### Activity:
In the entries below, which lines run from the one containing "Box Cat - kakigori" to the one containing "The Anti-Statehood Movement"? Copy exactly those lines, ends included, and no others.

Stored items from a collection
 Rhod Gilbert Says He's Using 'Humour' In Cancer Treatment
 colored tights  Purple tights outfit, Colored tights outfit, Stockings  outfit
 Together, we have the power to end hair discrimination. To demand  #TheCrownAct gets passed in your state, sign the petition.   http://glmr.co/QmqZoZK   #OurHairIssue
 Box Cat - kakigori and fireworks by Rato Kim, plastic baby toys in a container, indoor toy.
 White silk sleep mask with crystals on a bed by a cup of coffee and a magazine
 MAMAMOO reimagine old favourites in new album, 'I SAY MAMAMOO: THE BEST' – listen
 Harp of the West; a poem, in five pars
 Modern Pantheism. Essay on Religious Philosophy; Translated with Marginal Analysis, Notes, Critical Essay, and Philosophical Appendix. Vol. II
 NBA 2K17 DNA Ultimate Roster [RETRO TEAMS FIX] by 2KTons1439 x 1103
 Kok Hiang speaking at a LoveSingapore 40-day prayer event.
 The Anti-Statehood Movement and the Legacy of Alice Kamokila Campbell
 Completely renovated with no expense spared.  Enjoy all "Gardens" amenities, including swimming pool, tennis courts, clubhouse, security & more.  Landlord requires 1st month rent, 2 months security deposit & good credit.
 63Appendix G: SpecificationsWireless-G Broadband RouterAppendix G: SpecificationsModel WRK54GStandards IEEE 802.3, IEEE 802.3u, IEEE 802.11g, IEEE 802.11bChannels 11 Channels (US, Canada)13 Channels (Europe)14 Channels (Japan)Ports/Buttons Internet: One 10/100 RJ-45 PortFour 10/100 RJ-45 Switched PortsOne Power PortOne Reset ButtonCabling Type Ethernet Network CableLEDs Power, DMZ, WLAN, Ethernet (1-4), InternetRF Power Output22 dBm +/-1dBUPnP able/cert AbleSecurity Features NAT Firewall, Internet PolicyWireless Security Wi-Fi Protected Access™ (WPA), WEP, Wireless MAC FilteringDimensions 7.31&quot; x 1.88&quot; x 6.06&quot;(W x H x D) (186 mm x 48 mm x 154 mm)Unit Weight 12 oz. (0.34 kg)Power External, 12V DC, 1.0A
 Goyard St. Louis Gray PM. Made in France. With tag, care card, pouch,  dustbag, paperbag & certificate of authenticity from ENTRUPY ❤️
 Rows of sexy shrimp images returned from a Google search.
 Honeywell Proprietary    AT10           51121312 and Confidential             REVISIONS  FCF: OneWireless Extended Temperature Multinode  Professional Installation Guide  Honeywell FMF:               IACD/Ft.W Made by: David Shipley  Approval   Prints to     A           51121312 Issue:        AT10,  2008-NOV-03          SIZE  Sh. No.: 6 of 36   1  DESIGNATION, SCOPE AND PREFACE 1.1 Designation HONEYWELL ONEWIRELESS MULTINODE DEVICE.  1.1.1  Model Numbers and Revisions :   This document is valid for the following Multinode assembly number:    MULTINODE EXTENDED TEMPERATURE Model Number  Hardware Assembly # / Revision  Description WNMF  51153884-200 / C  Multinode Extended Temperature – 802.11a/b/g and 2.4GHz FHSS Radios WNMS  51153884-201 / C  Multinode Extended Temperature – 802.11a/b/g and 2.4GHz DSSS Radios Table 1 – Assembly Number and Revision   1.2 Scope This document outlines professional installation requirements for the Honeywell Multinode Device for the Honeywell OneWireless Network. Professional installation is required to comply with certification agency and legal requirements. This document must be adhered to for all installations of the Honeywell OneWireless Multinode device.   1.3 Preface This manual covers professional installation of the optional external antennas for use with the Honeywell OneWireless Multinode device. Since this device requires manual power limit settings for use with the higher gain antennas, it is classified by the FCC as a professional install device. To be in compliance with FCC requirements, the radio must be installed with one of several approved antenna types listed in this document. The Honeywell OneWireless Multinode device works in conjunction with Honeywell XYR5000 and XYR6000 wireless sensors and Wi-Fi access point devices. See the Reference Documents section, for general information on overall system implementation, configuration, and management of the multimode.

### Finished exercise:
 Box Cat - kakigori and fireworks by Rato Kim, plastic baby toys in a container, indoor toy.
 White silk sleep mask with crystals on a bed by a cup of coffee and a magazine
 MAMAMOO reimagine old favourites in new album, 'I SAY MAMAMOO: THE BEST' – listen
 Harp of the West; a poem, in five pars
 Modern Pantheism. Essay on Religious Philosophy; Translated with Marginal Analysis, Notes, Critical Essay, and Philosophical Appendix. Vol. II
 NBA 2K17 DNA Ultimate Roster [RETRO TEAMS FIX] by 2KTons1439 x 1103
 Kok Hiang speaking at a LoveSingapore 40-day prayer event.
 The Anti-Statehood Movement and the Legacy of Alice Kamokila Campbell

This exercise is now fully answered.